Sure, it's possible.  You might even get a slight buzz, but the bud is what packs a wallop.


----------



## SpeedyGonzalez (Aug 15, 2005)

Use a fan leaf and roll the bud right in!


----------



## Themanwithnoname (Aug 15, 2005)

sweet...

which ones are the fan leafs


----------



## Columbian Connection (Aug 15, 2005)

The BIG mother fuckers. 

You might not be able to do it with a sativa plant because of the skinny finger leaves, but a nice fat indica leafe would work.


----------



## Max (Aug 16, 2005)

@The man withnoname

Sorry, dude.  I thought you meant that you wanted to smoke the leaves as the filling of the cigar.  
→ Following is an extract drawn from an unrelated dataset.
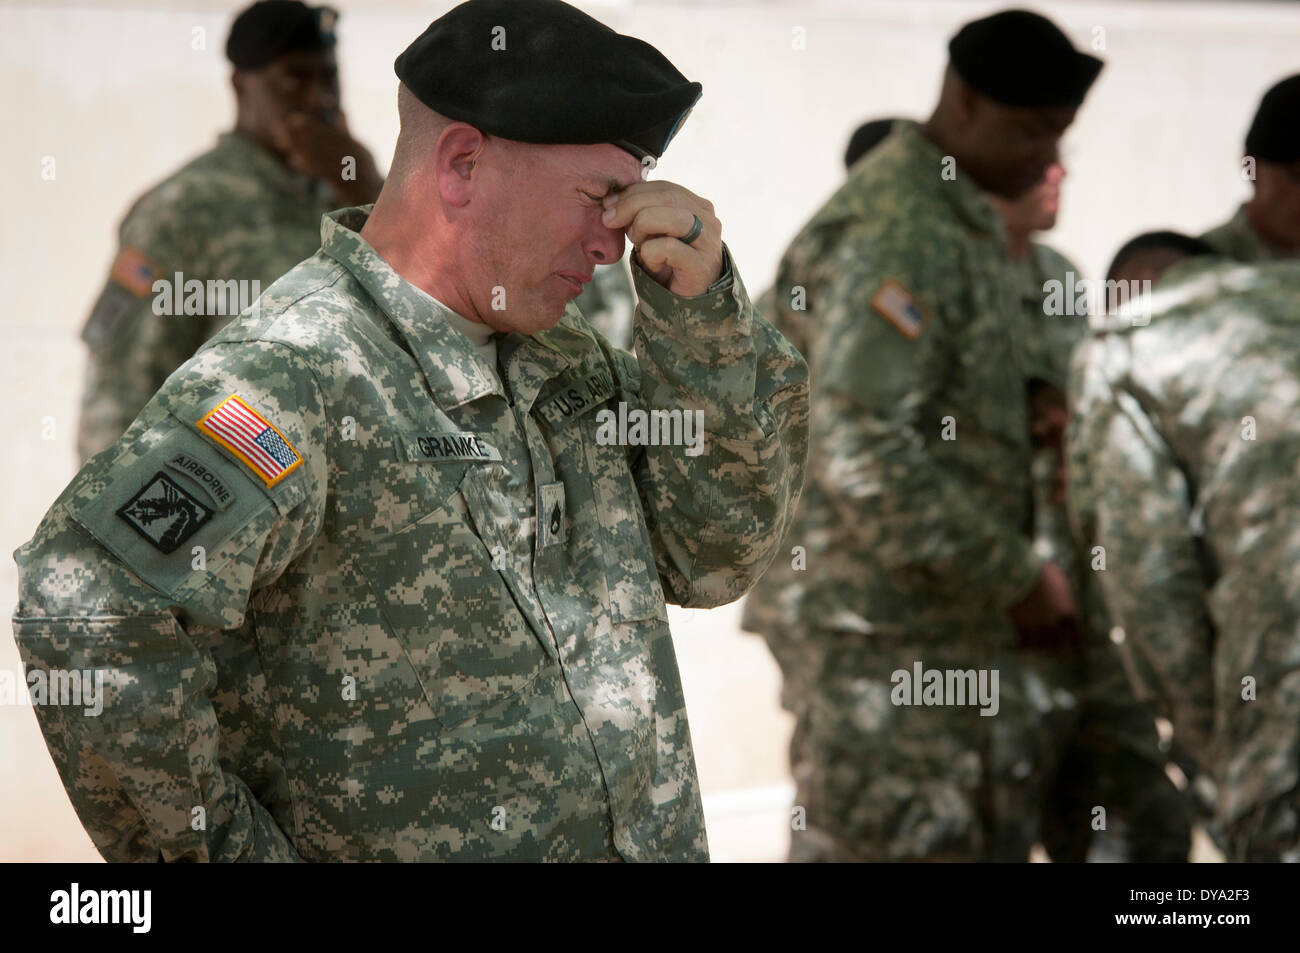 Staff Sgt. Jerry Gramke breaks down during the memorial service for the soldiers killed in a shooting rampage at Fort Hood April 9, 2014 in Fort Hood, Texas. All three Soldiers were killed in the April 2 shooting by a fellow soldier. Stock Photo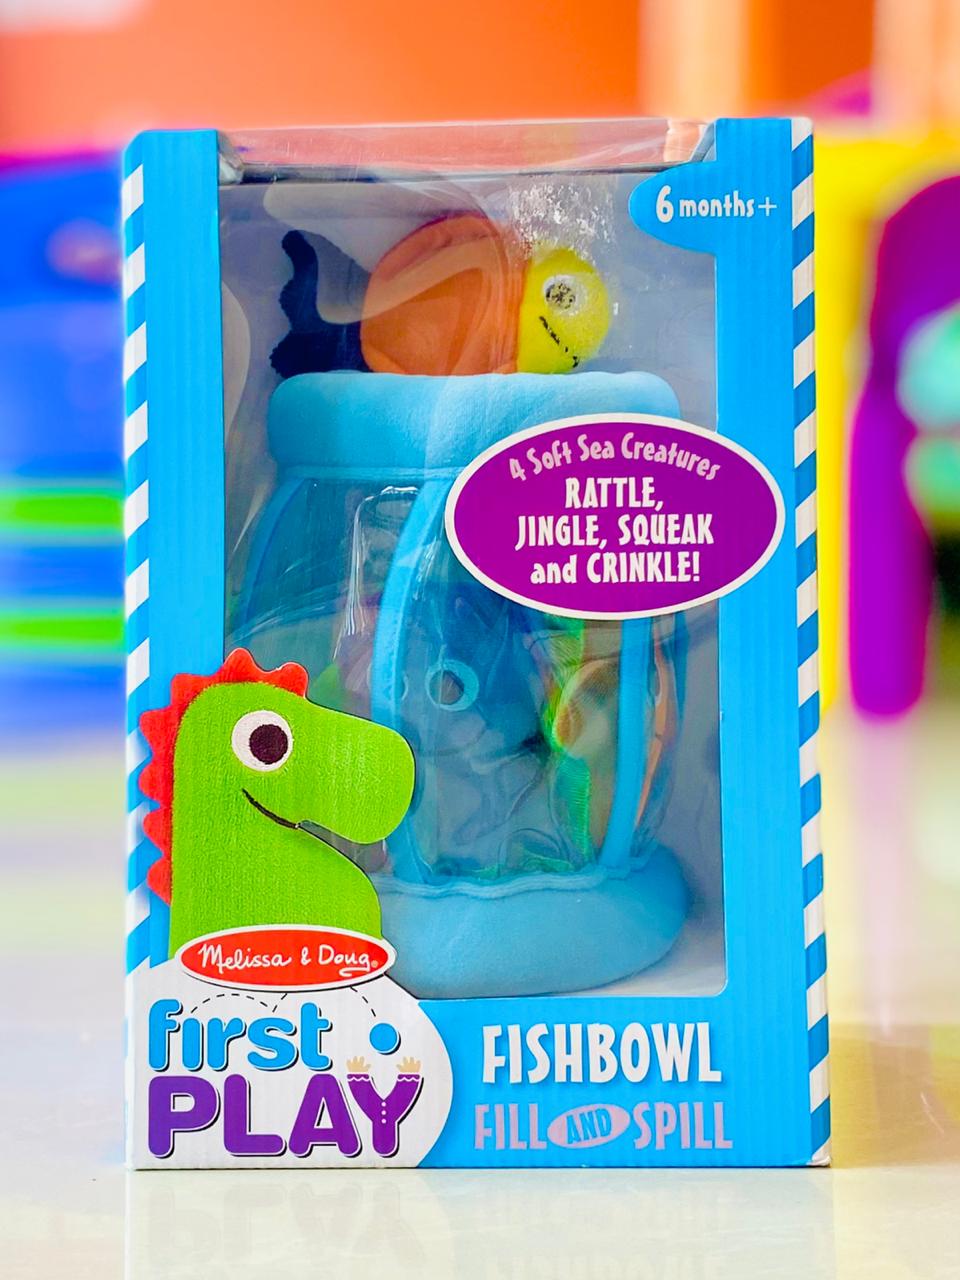 fishbowl fill and spill

But yeah, as a wrapper for the bud?  Excellent idea!  Have fun!


----------



## Columbian Connection (Sep 8, 2005)

I want to know how did your cigars come out???? I might try it with mine


----------



## Themanwithnoname (Sep 8, 2005)

haha havnt tried them yet because i really havnt started growing yet


----------



## Max (Sep 10, 2005)

Okay, so I tried this, but on a smaller scale.  Used a couple dry leaves to roll a joint.  
It's pretty ******* harsh, to tell you the truth.


----------